The village of Castle Kennedy takes its name from – you guessed it – a castle by the same name. Castle Kennedy was built in 1607 for John Kennedy, the Earl of Cassilis. Little over one hundred years later, in 1716, the castle was ruined by a fire. The ruins were left to molder on the estate (could they have known future generations would look on them with wonder?), though the 75 acres surrounding the castle were converted into sculpted gardens by the 2nd Earl of Stair in the 1730s when the grounds were opened to the public. The Stair Estate, as it is called these days, is home to another castle, Lochinch Castle, which was built in 1864 as a replacement for the burnt-out shell of Castle Kennedy. Lochinch Castle, wedged between the Black Loch and the White Loch, is still home to Lord and Lady Stair.

I paid the modest £5 entrance fee and unfolded a helpful map listing the gardens’ interesting features, things like viewing points, avenues, and sculptured landforms, and a series of walks of varying lengths. The gardens are arranged on a spit of land between the two lochs with the far side leading to the newer Lochinch Castle. The day was overcast with a wind so cold off the Irish Sea that I seriously doubted the Gulf Stream had ever reached this part of Scotland. I chose the purple walk – the shortest one – as it took me past the ruins of Castle Kennedy toward Lochinch Castle. As much as I would have liked to spend the day tromping over all 75 acres, I knew I’d made the right choice when the icy rain began falling.

The ruin of Castle Kennedy is near the packed-earth parking lot, and it’s a beauty. There are few castles in Scotland with a more romantic facade. Much of the structure is still visible, with angled roof supports and reaching towers clearly visible through the moss and vines, which only serve to send the imagination on more intense flights of wonder. The area around the castle is a smooth green sward bordered by dark woods through which the various avenues run. You couldn’t ask for a better frame for Castle Kennedy.

I bowed my head beneath the scattered spring showers that passed through on my visit, noticing (with the help of my trusty pamphlet) a host of exotic and rare plants in the gardens. Rhododendrons, azaleas, embothriums, and a host of others. The avenues through the gardens are lined with evergreen oaks and pockets of pinetum. At the center of the isthmus between the lochs stands a two-acre circular pond filled with rare Victorian water lilies. The presence of palm trees was like a slap in the face – the Gulf Stream did blow through here. But not this day. Not this day.

The Castle Kennedy gardens are extensive, and I’d had a good, long walk before I finally laid eyes on Lochinch Castle. Absent fortifications, Lochinch is more of an opulent Victorian mansion though it does possess the semblance of a tower house built into its face. Those looking for a castle stay on their trip to Scotland would be wise to consider Lochinch Castle. The Chauffeur’s Apartment is a luxury 3-bedroom self-catering apartment located on the grounds, while the Balker’s Lodge is a smaller gatehouse lodge.

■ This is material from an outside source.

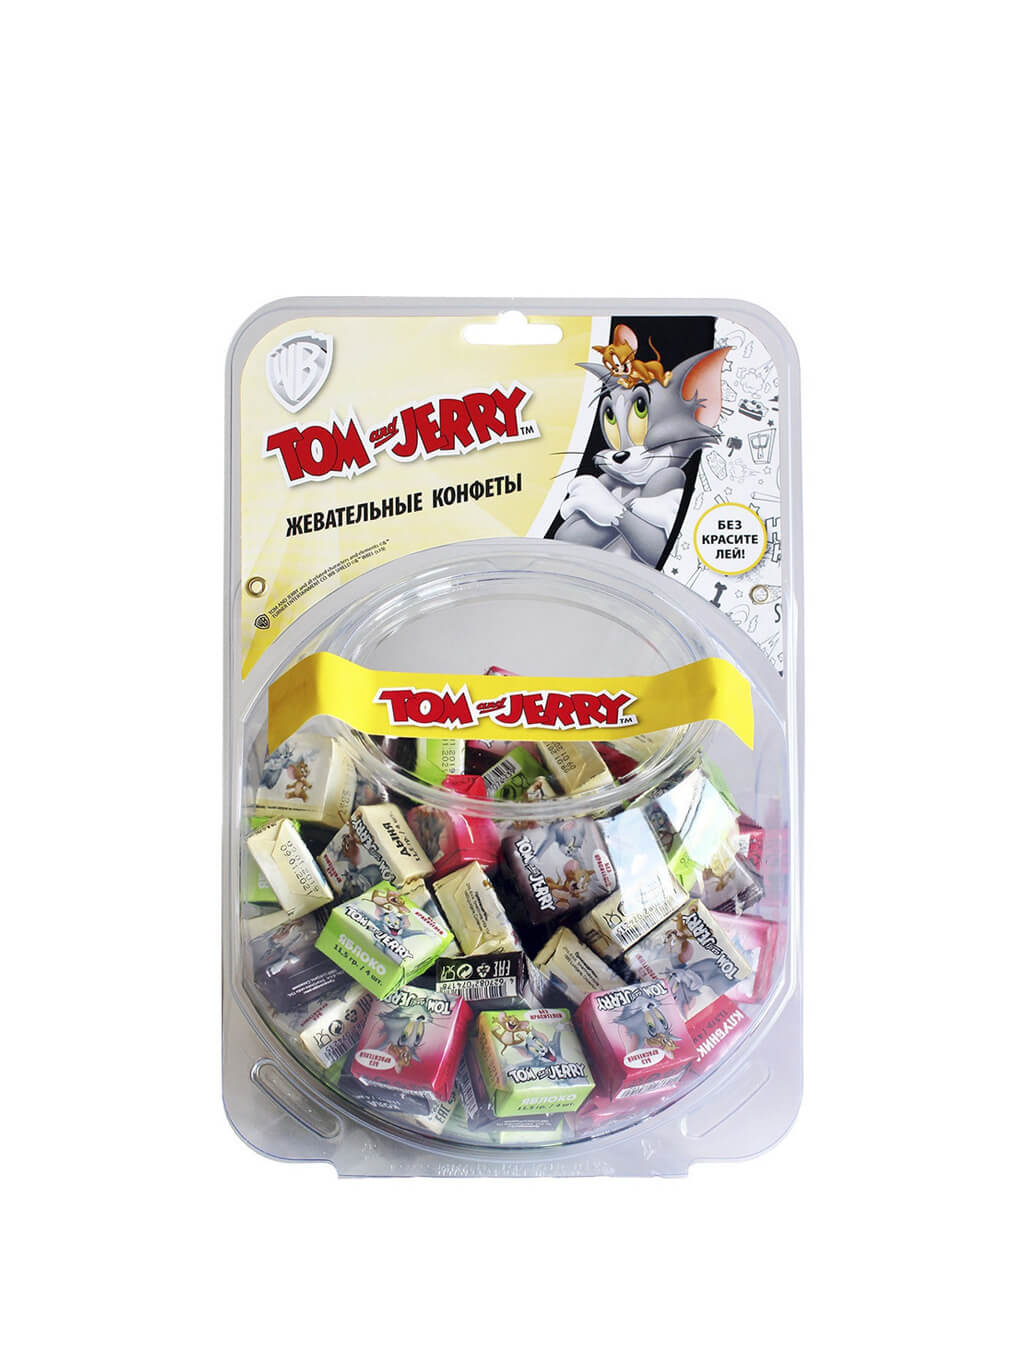 картинка Tom and Jerry конфеты жевательные Микс вкусов 6х1 (120*11,5г) сфера флоу-пак

Castle Kennedy is well worth a stop in southwest Dumfries & Galloway, especially if you’re a castle hound or in love with immaculate gardens full of rare and wonderful flora. Give yourself enough time to stroll through the gardens, too. Even a person as uncultured in gardens as me found them quite impressive. And if you happen to bump into Lord or Lady Stair on your jaunt please tell them I said hello!


RachelNo Gravatar August 13, 2014 at 3:07 AM

Anyone would be so thrilled to stay in a castle this gorgeous and lovely even just for a night.. the breakfast would absolutely be glamorous!